Janet was bright, witty, bubbly, and fun to be around. She and her husband Ricky threw some of the best parties ever. If you’ve ever read any of her work, you’ve probably got a pretty good idea of what a positive, upbeat person she was.
All of which is to say that Janet would have hated the morose tone of this posting. So, instead of going on in this vein, I’m going to post a piece of flash fiction I wrote for her, years ago, at a convention. She’d confided in me that she’d detected a theme in my fiction that she found very disturbing, and I’d told her that it simply wasn’t there. “You don’t understand,” she said. “I have this strange gift for detecting patterns in other people’s fiction. I can see it everywhere. I’m never mistaken.”

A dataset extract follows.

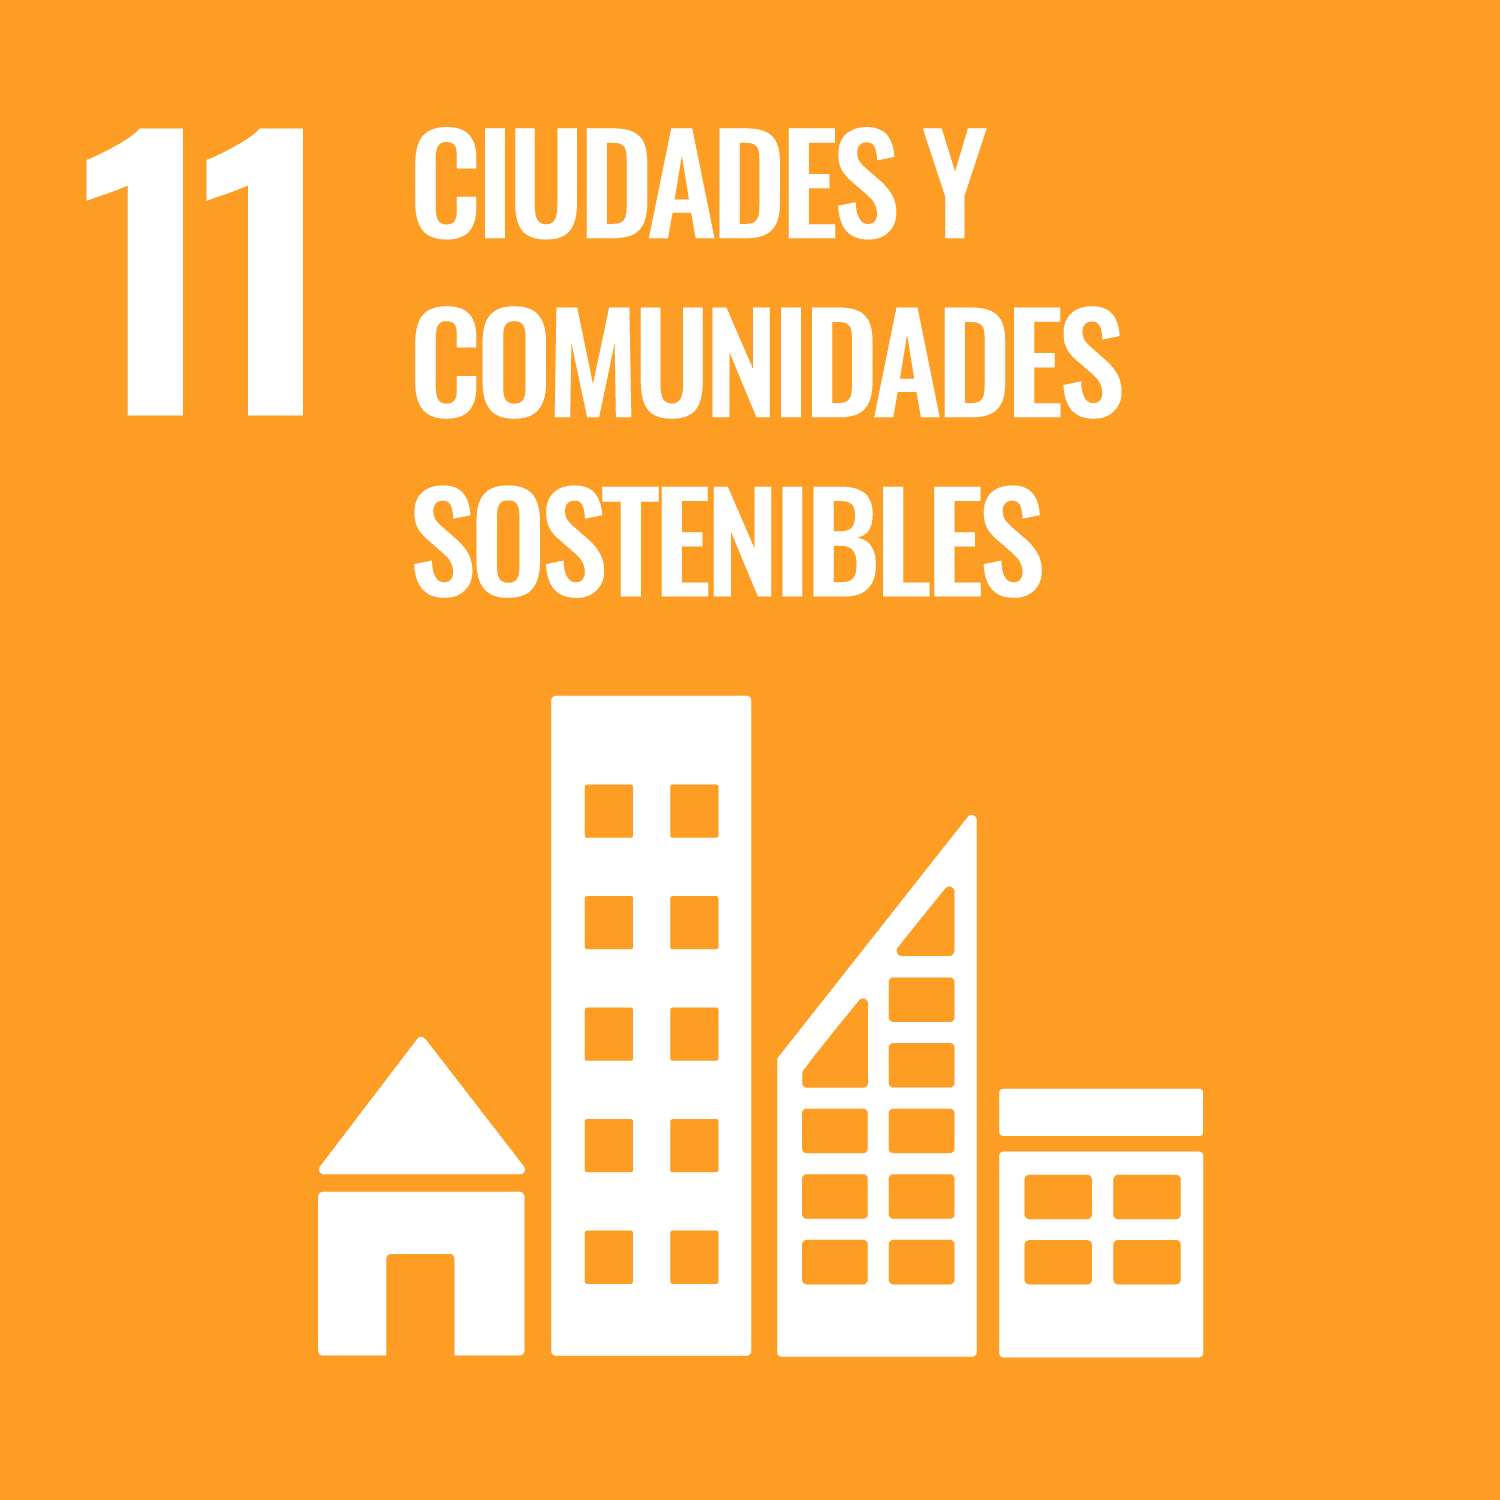 Lograr que las ciudades y los asentamientos humanos sean inclusivos, seguros, resilientes y sostenibles.
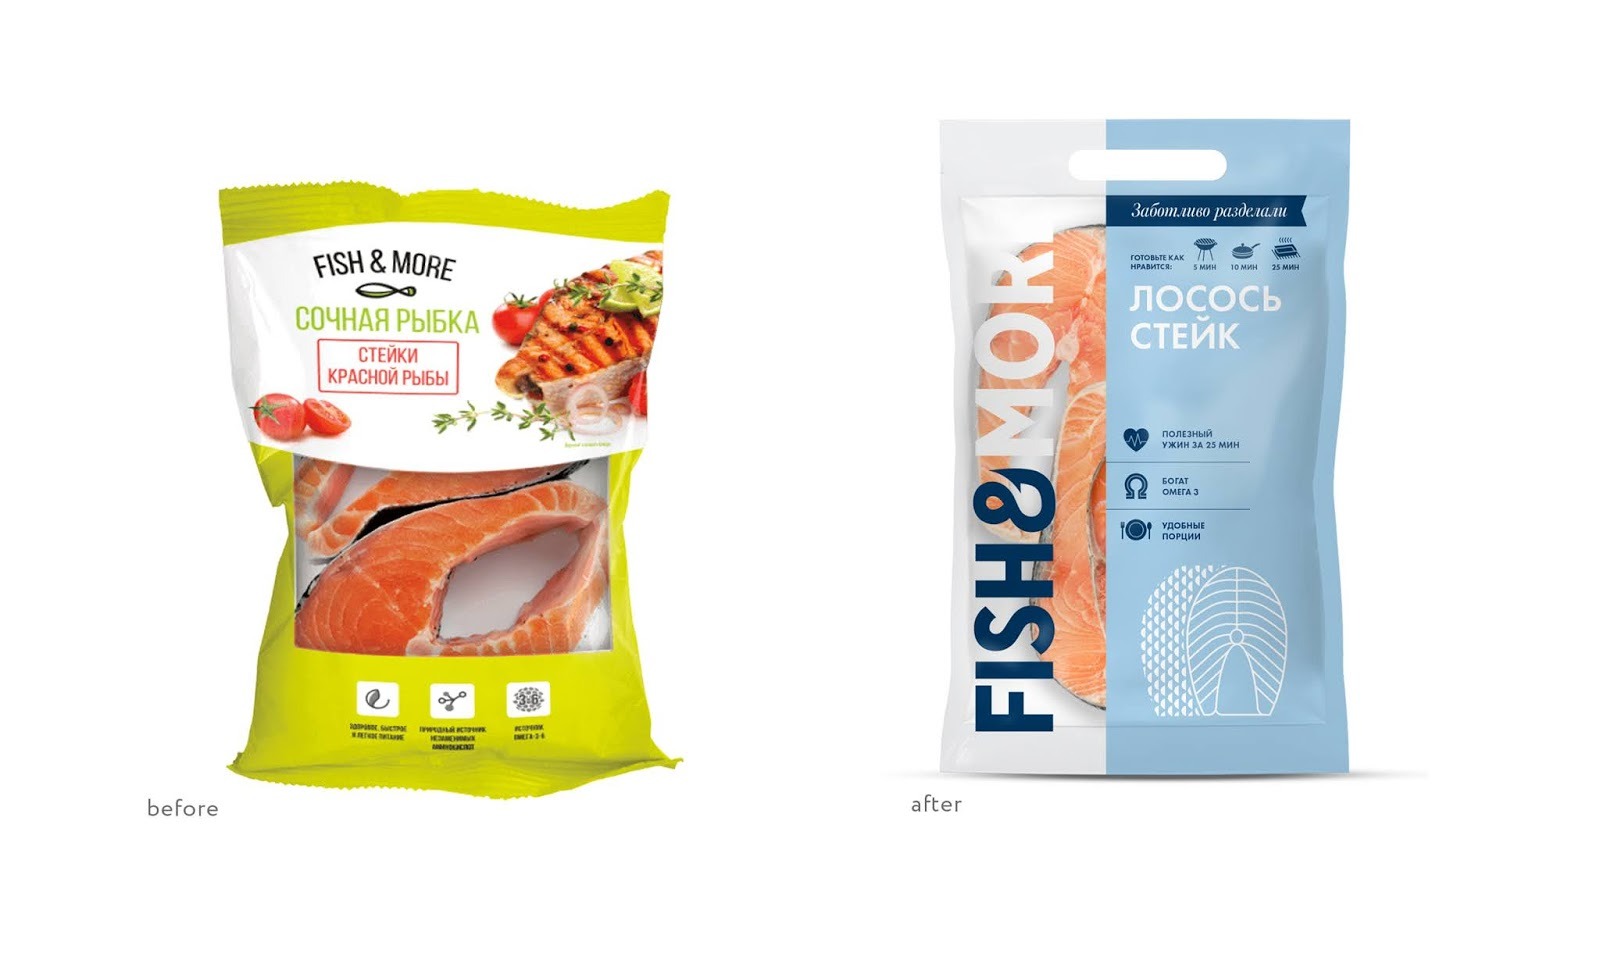 Fish&More冷冻鱼和海鲜产品包装设计

“Except in this instance,” I said, smiling.
I expected the conversation would simply end in this impasse. But unhappily (and uncharacteristically, too – this may have been the first sign that Janet’s health was declining), she decided that she had insulted me and nothing I could say would convince her otherwise.
Musing over this the next morning at breakfast, I hit upon the expedient of writing a piece of flash fiction which would make her laugh and so set everything right again. So I did, and she did, and for the longest time everything was.
Here’s the story that convinced Janet that we were still friends:
Like the Boiled Eggs in Isaac Asimov
She hadn't wanted the gift.
Janet Kagan had simply woken up one morning and there it was: the ability to detect patterns in other people's fiction. Things like the giant cheese wedges in Norman Spinrad. The Barney imagery in Joanna Russ. The shaved mice in Larry Niven.
Which was why she was where she was now – running in blind terror down a long and Harlan Ellisonesque alley while the misshapen shadows of her pursuers leapt and capered on the walls.
It made no sense whatsoever to her that they wanted to kill her. But they did. She knew that. It was as clear as the references to the Trilateral Commission in the novels of Samuel R. Delany. Janet stumbled against a trash can, sending it crashing noisily to the ground. She fell, and struggled back to her feet, and ran.
There up ahead – a wall! With a sickening lurch in the pit of her stomach, she realized that she was caught in a cul-de-sac.
There was no way out. She could no more hope to escape than she could avoid seeing the encoded messages to Libyan terrorists in the Xanth novels of Piers Anthony.
In despair, she stumbled to a halt.
Her pursuers, seeing she was trapped, stopped as well. A menacing form stepped out of the shadows. It was the head of SFWA's crack team of assassins, James Morrow himself. He had a lead pipe in his hand. His eyes glowed red, as if he were one of the myriad werewolves informing his own fiction.
Behind him were more shadows, deformed, unsightly. Writers all.
"God damn it," Janet cried in anguish, "I wasn't even an English major!"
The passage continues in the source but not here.